Background: Valve-sparing operations are gaining increasing acceptance; however, there is an ongoing discussion about the technique-specific indications. We present our experience with a follow-up of 123 months.
Methods: Between July 1993 and July 2005, 164 consecutive patients were operated on using the remodeling (group A, n = 96) or reimplantation technique (group B, n = 68). Fifty-seven patients presented with acute type A dissection. Aortic regurgitation was present in 84%. Follow-up was 54.7 +/- 28 in group A and 48.4 +/- 37.3 months in group B.

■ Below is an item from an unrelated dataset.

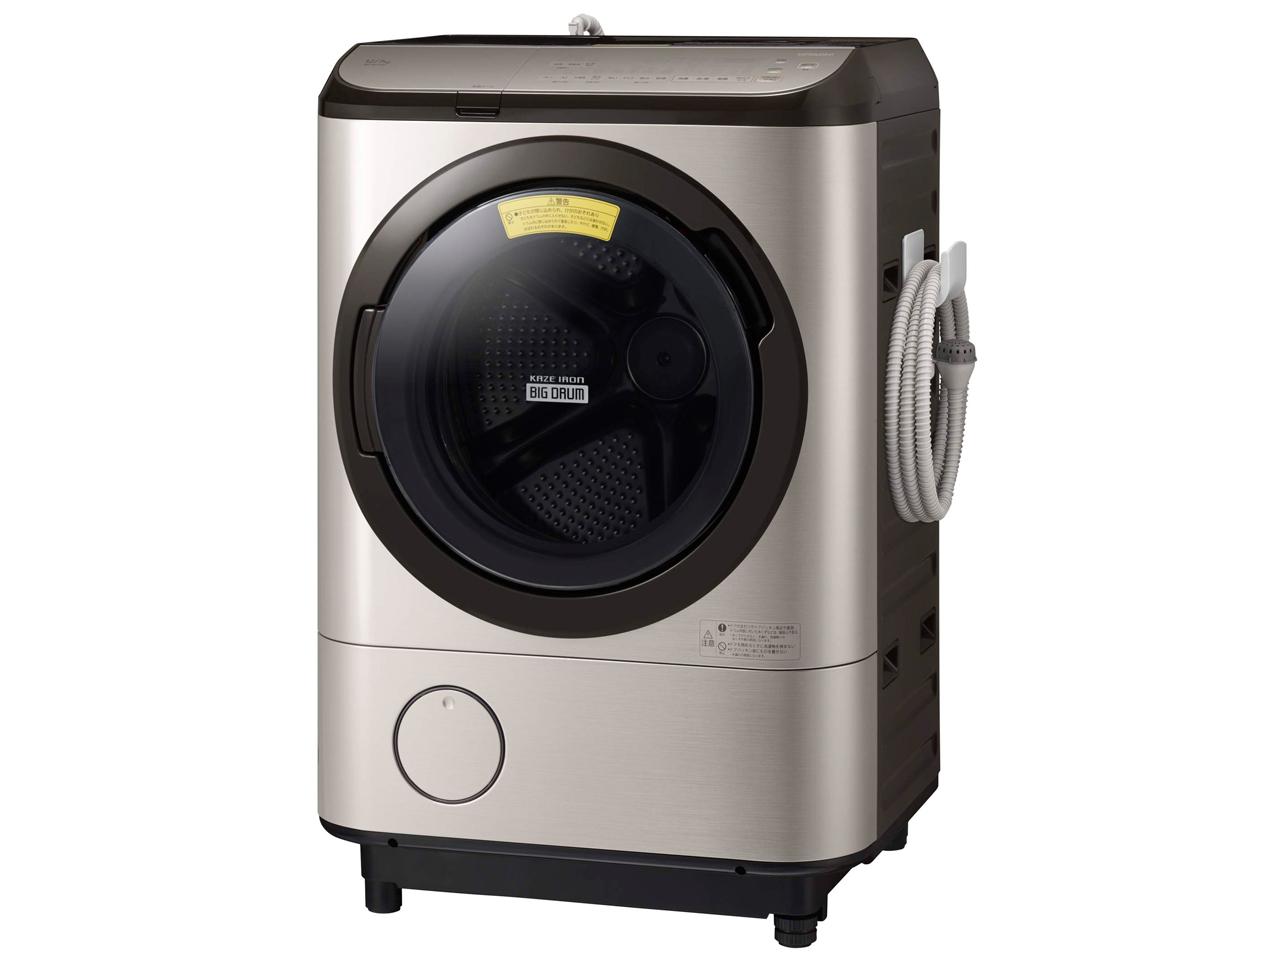 BD-NX120FL-N 日立 ドラム洗濯乾燥機

Results: After urgent operations, 4 patients died in each group, but none died after elective surgery. Late mortality was 8% in group A and 4% in group B. Seven patients of group A and 1 in group B required reoperation. Echocardiographic follow-up of reoperation-free survivors showed that 3 patients (all group A, 1.3%) had aortic regurgitation of more than grade II. Root diameter, valve pressure gradient, and valve orifice area were comparable. No gross thromboembolic or bleeding events occurred.
Conclusions: Aortic valve-sparing operations can provide acceptable long-term results in both techniques. Particular care to the annulus in the remodeling technique and different prosthesis designs in the reimplantation technique may overcome the intrinsic problems of each procedure.